Films

For Your Consideration

UK release date: 9 February 2007


cast list

Ricky Gervais
Christopher Guest
Michael McKean
Catherine O’Hara
Parker Posey
Harry Shearer

directed by
Christopher Guest
This is a sharp but touching examination of the reaction of the cast and crew of an unremarkable film when rumours start circulating that the lead actors might be up for Oscar nominations. Directed by Christopher Guest, best known for This Is Spinal Tap and Best in Show, it fails to break new ground; but when something is this funny, why mess with a winning formula?

Conisseurs of Christopher Guest’s films will love For Your Consideration. It has Best In Show‘s outrageously zany characters, coupled with A Mighty Wind‘s quiet humanity. Featuring a film within a film, and many clips from parody TV shows, it allows his extensive cast of regulars to show off as much as they like, creating beautifully wrought comic characters full of twitches and vocal mannerisms. They are clearly loving every minute of it.

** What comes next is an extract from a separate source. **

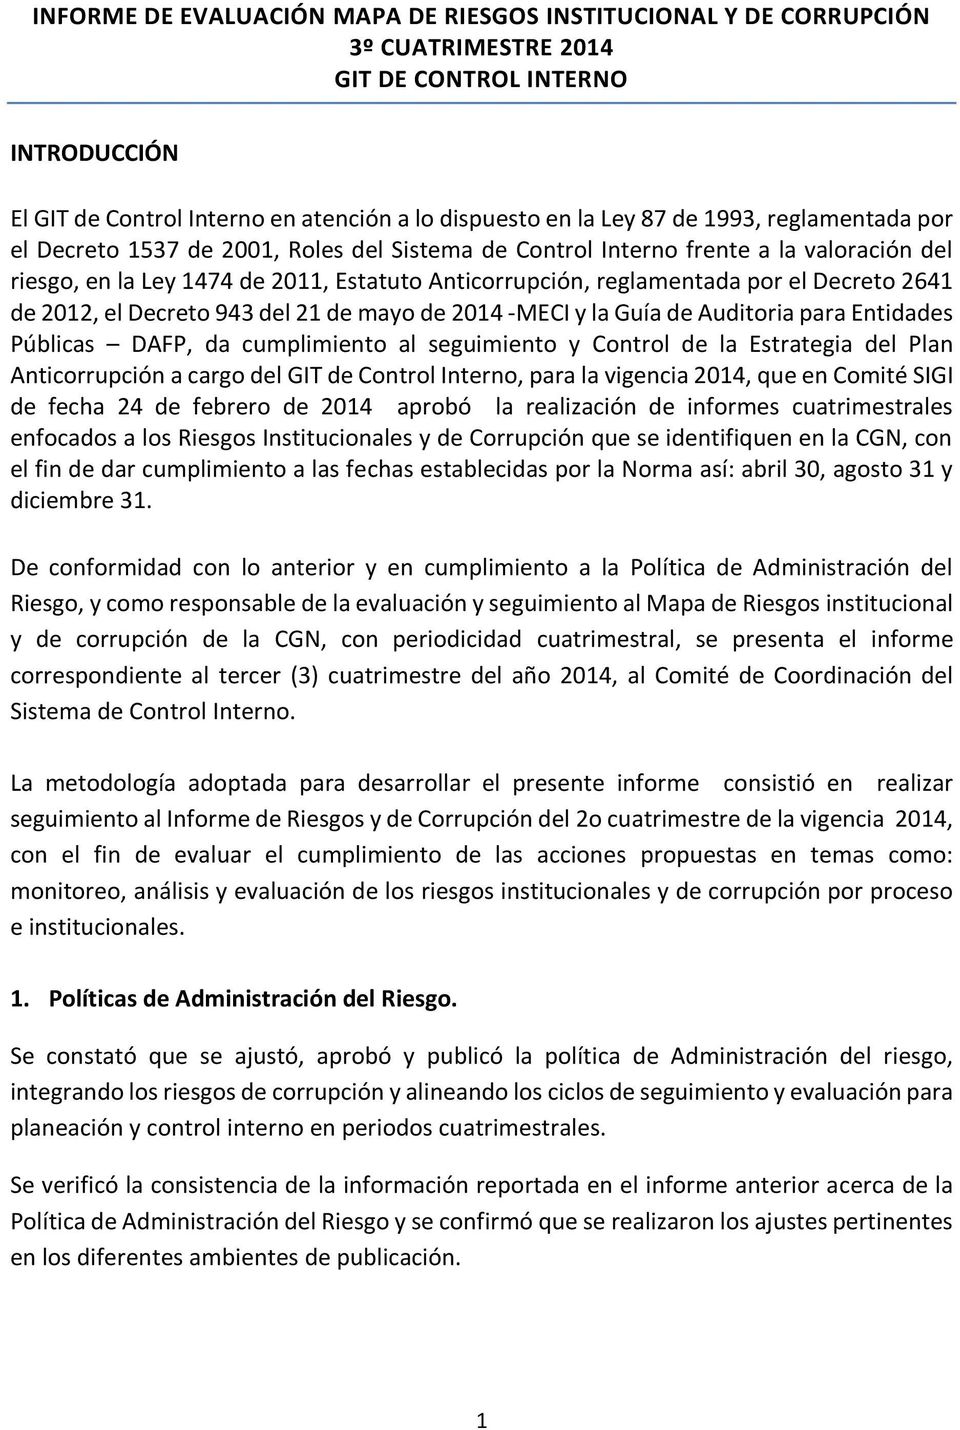 2012, el Decreto 943 del 21 de mayo de 2014 -MECI y la Guía de Auditoria para Entidades Públicas DAFP, da cumplimiento al seguimiento y Control de la Estrategia del Plan Anticorrupción a cargo del

The plot concerns the lead players in a truly awful film, “Home For Purim”, funded by a British money man played by Ricky Gervais, whose charmless attempt to be cool makes your buttocks clench. Written by two pompous stage dramatists who think it’s deep and meaningful, and produced by another of Jennifer Coolidge’s brainless botoxed blondes, it’s a Jewish family drama set in the 1940s deep south. Parker Posey gives a perfect, nervous performance as the failed standup comedienne who’s turned to acting and been cast as the daughter returning to her dying mother’s bedside, determined to finally come out of the closet. The actress playing the mother (Catherine O’Hara) hears a rumour that a website has mentioned she is worthy of an Oscar nomination. Obviously, she tells everyone, it’s of no importance, it’s all about her art, yet is desperately hopeful for some recognition.

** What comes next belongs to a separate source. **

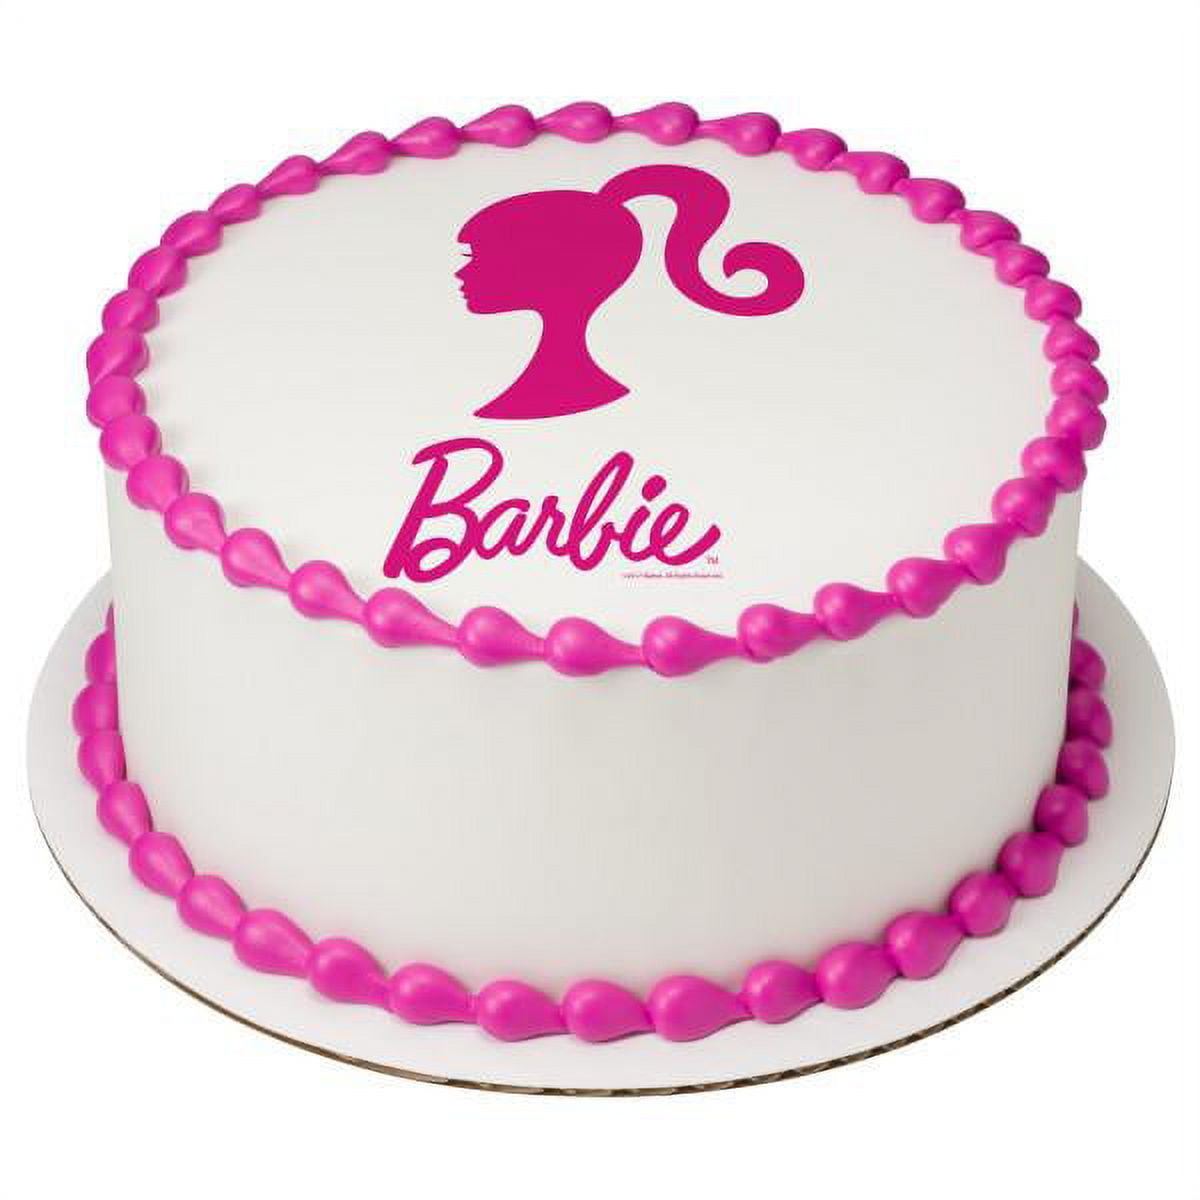 Barbie Cake Topper - Etsy

Within a couple of days, thanks to a cluster of publicists and Hollywood’s self-serving gossip mill, three of the film’s four stars are being touted as Oscar hopefuls. As the clock ticks towards nomination day, this leads to a slew of increasingly humiliating appearances on talk shows, shock jock radio and kids TV (Harry Shearer’s ageing thesp trying to ‘get down with da kidz’ is particularly cringe-worthy). Yet the film never loses sight of the fact that these are people who’ve struggled to get anywhere who’re suddenly overwhelmed to be given some attention, and who are likely to get damaged by all the fuss.

Guest is working with a cast who are now very familiar with improvising around an outline, his preferred method of working, and while some of the actors return to fertile character types from earlier films, others have branched out in new directions. It’s nice to see Guest’s co-writer, Eugene Levy, playing an oily agent, rather than his usual putz, and indeed to see Guest himself as a paunchy, shock-haired director giving his cast increasingly odd instructions as he tries hard to stop himself giving a damn about his obviously absurd material.

Fred Willard, memorable as Buck Laughlin, the announcer in Best In Show, gives a crowd-pleasing turn as a permatanned hyperactive gossip show host. Together with Jane Lynch, who turns in an equally cheesy performance as his co-host, they represent the breathless inanity of showbiz.

Some people might feel Guest’s been here before, that a story about a bunch of quirky, near lunatic characters thrown together in a competitive situation isn’t much of a challenge for him – especially when it allows his actors to parody their own profession. But as usual it’s a tautly edited film full of people giving short but glorious performances that will make most audiences roar with laughter as well as touching them. And if you can deliver that time after time, why change?